• **Dataset excerpt**:
---+---
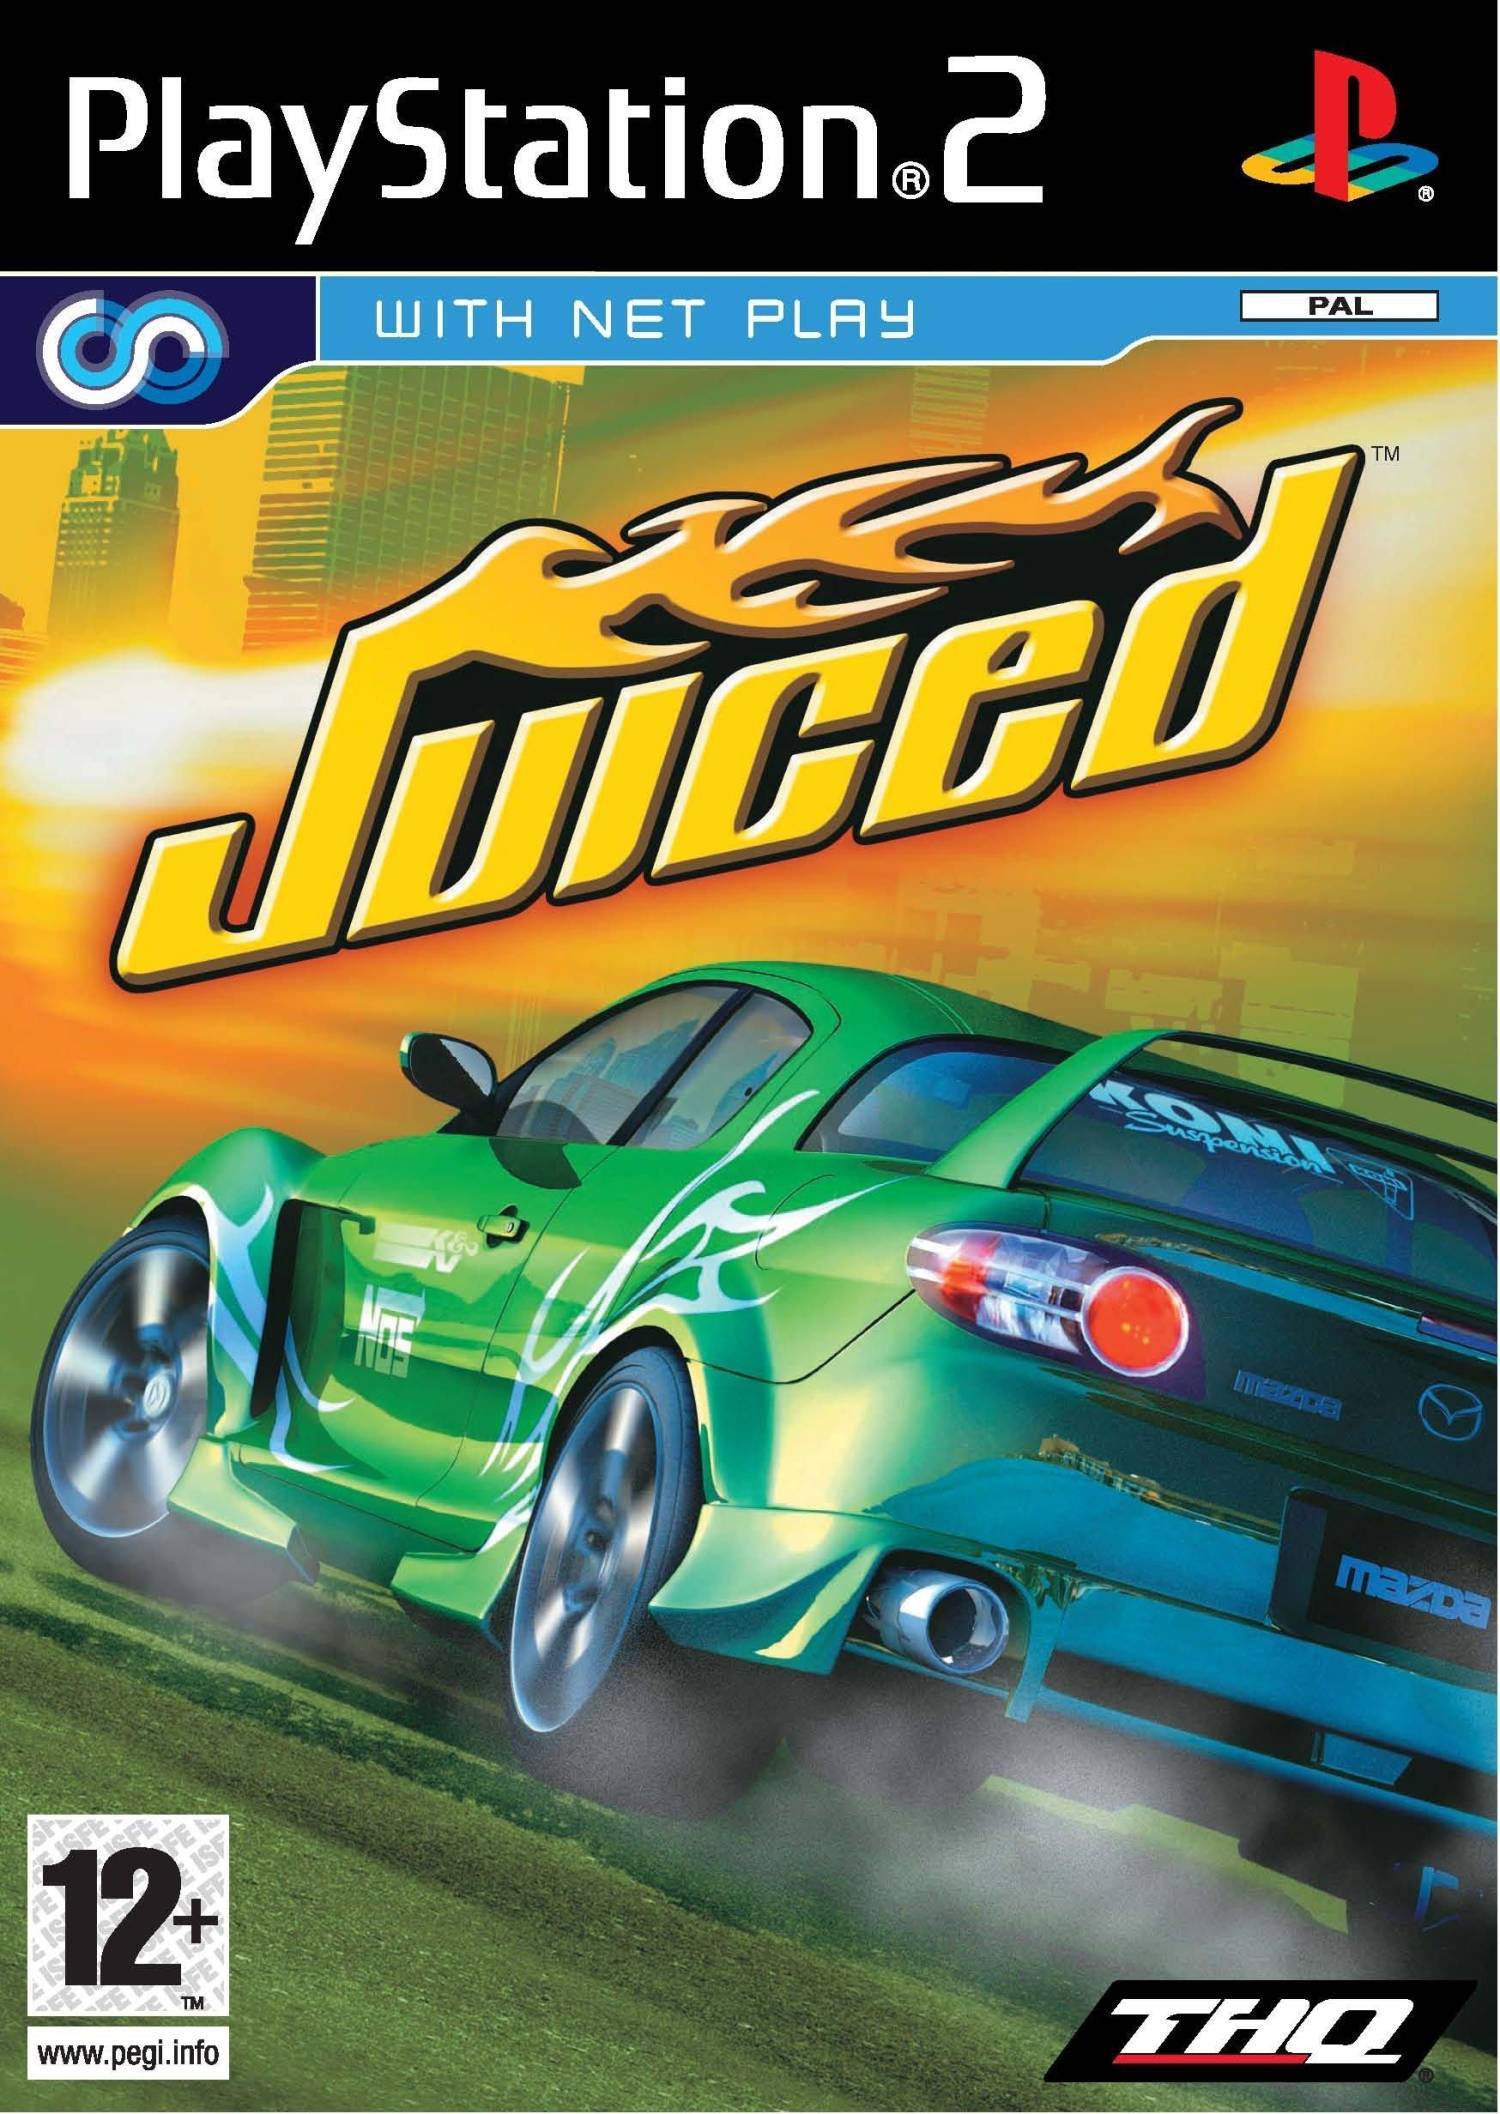 Game | Sony Playstation PS2 | Juiced
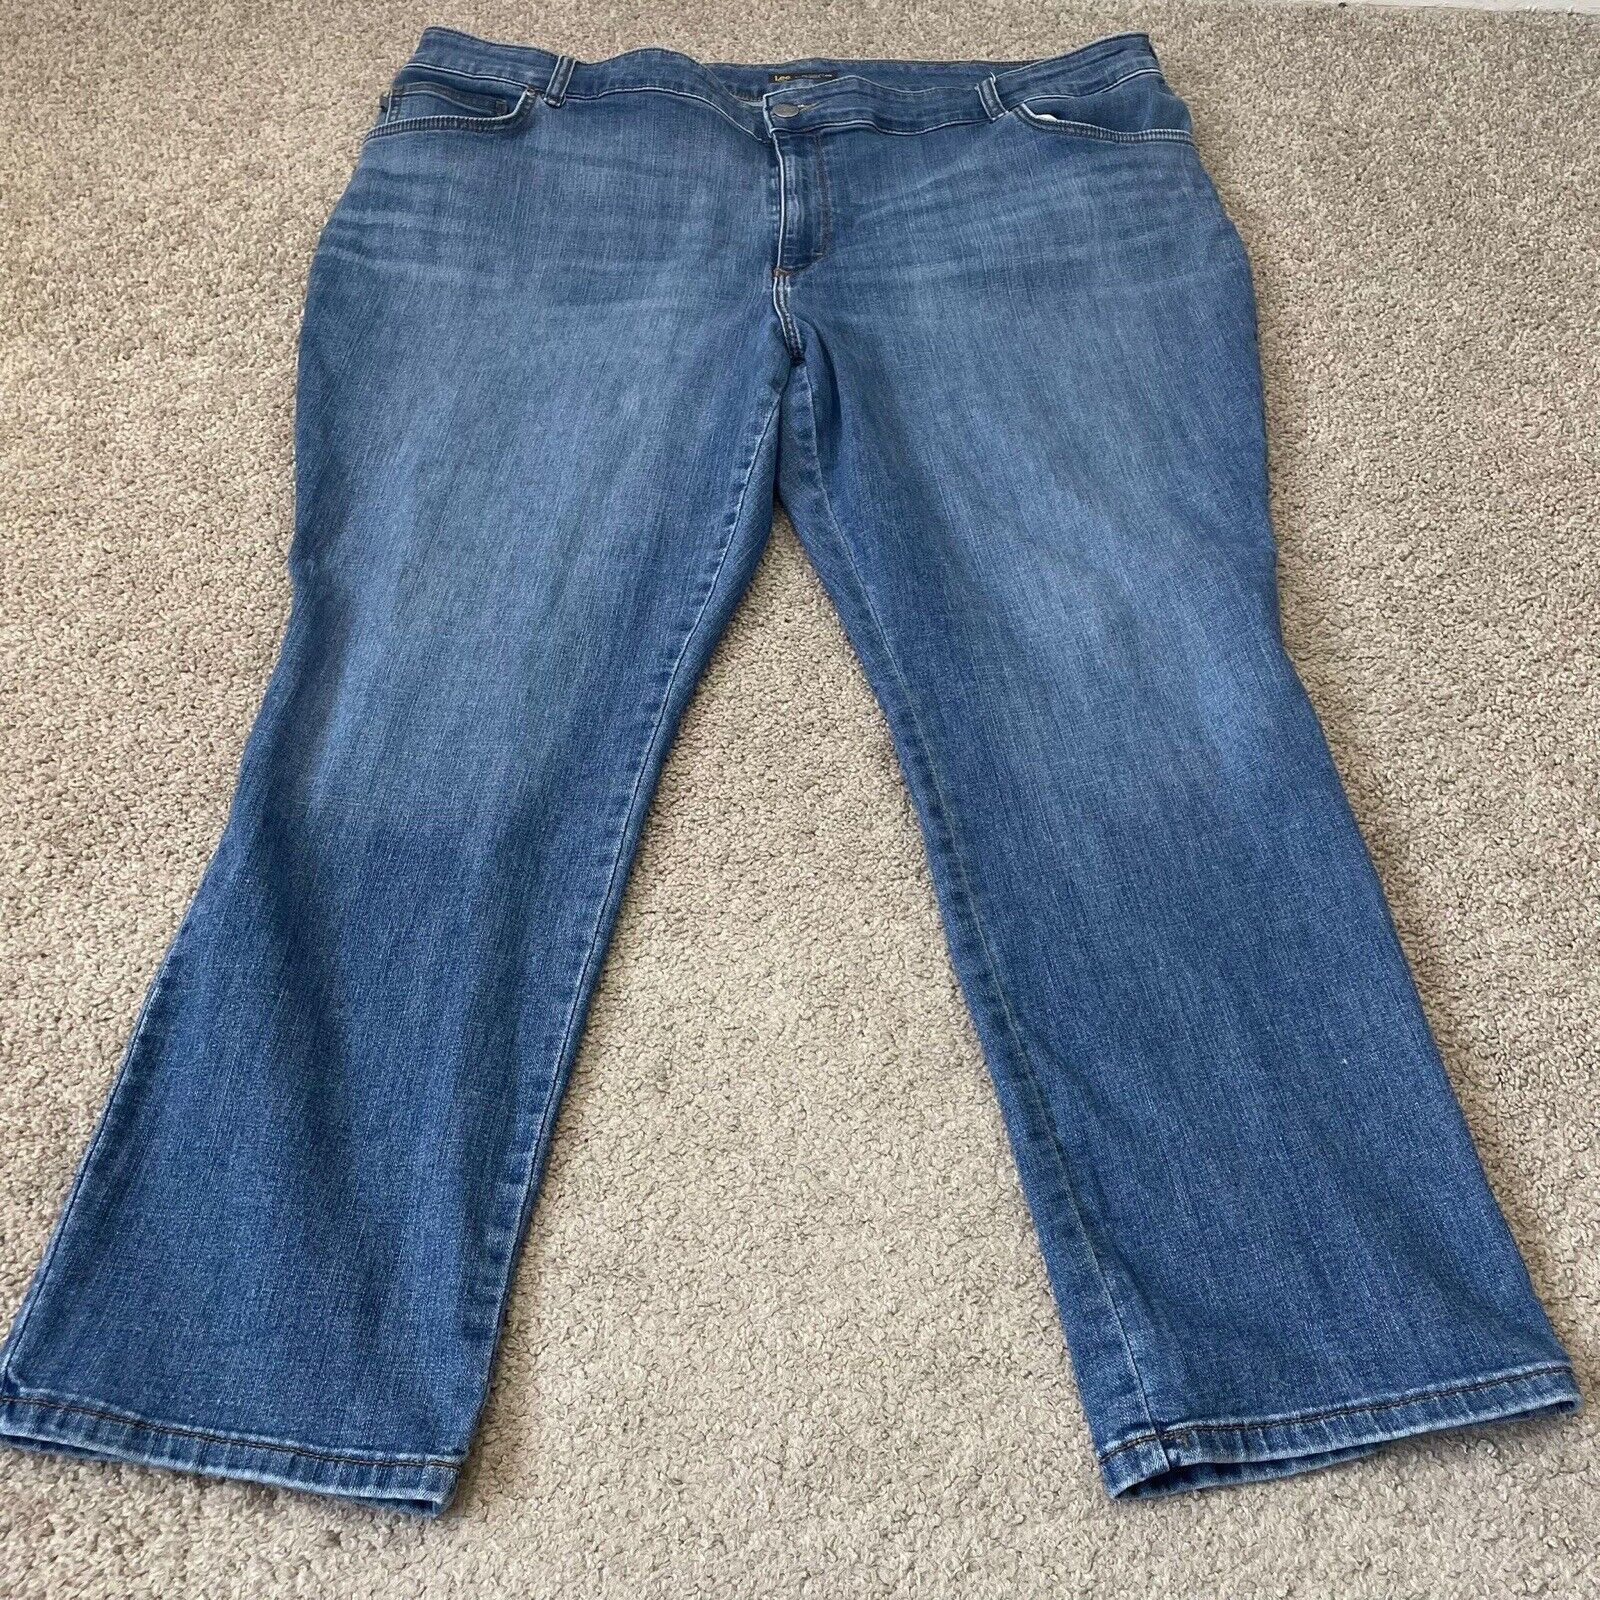 Lee Womens Jeans 26W Medium Relaxed Fit Mid Rise Straight Leg Stretch Blue Denim
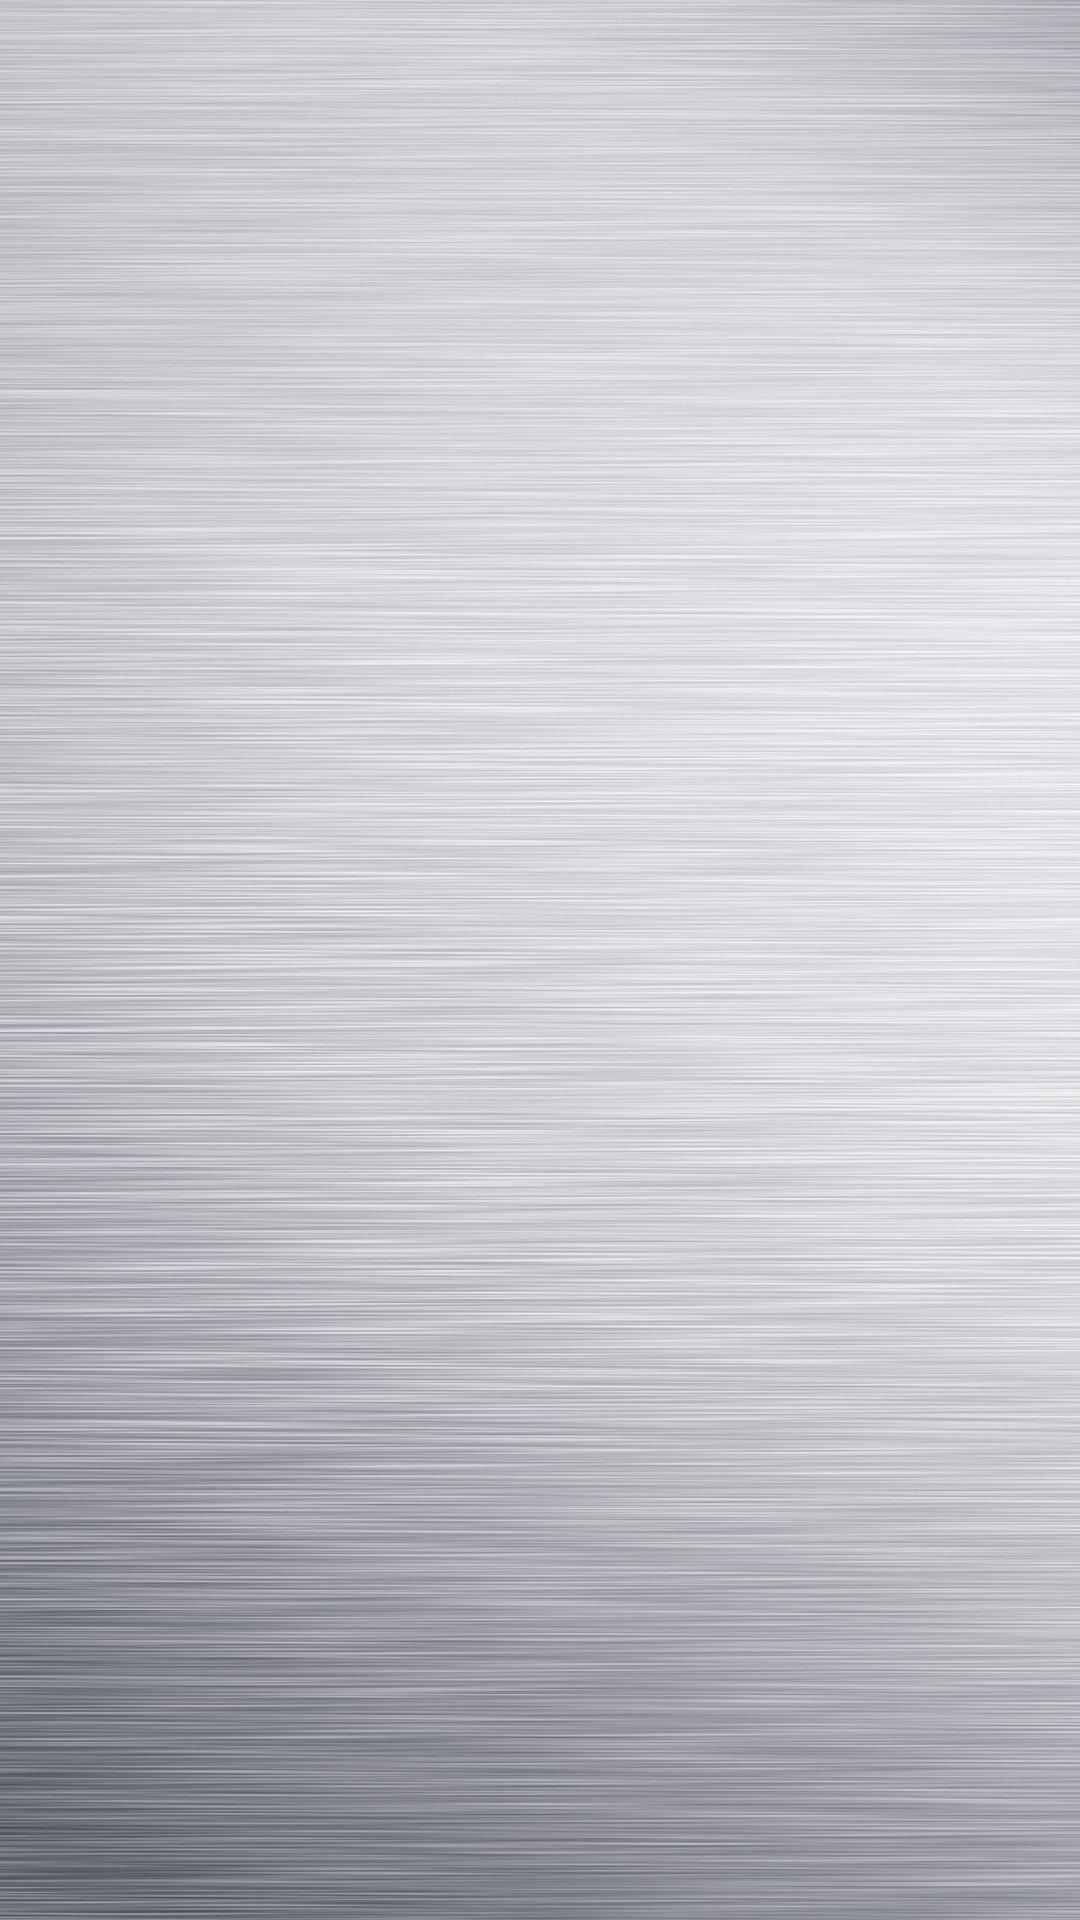 brushed metal background iphone
---+---
• **Task prompt**: When you retype the listing above, keep each line exactly as written and drop the pictures.

• **Your response**:
 Game | Sony Playstation PS2 | Juiced
 Lee Womens Jeans 26W Medium Relaxed Fit Mid Rise Straight Leg Stretch Blue Denim
 brushed metal background iphone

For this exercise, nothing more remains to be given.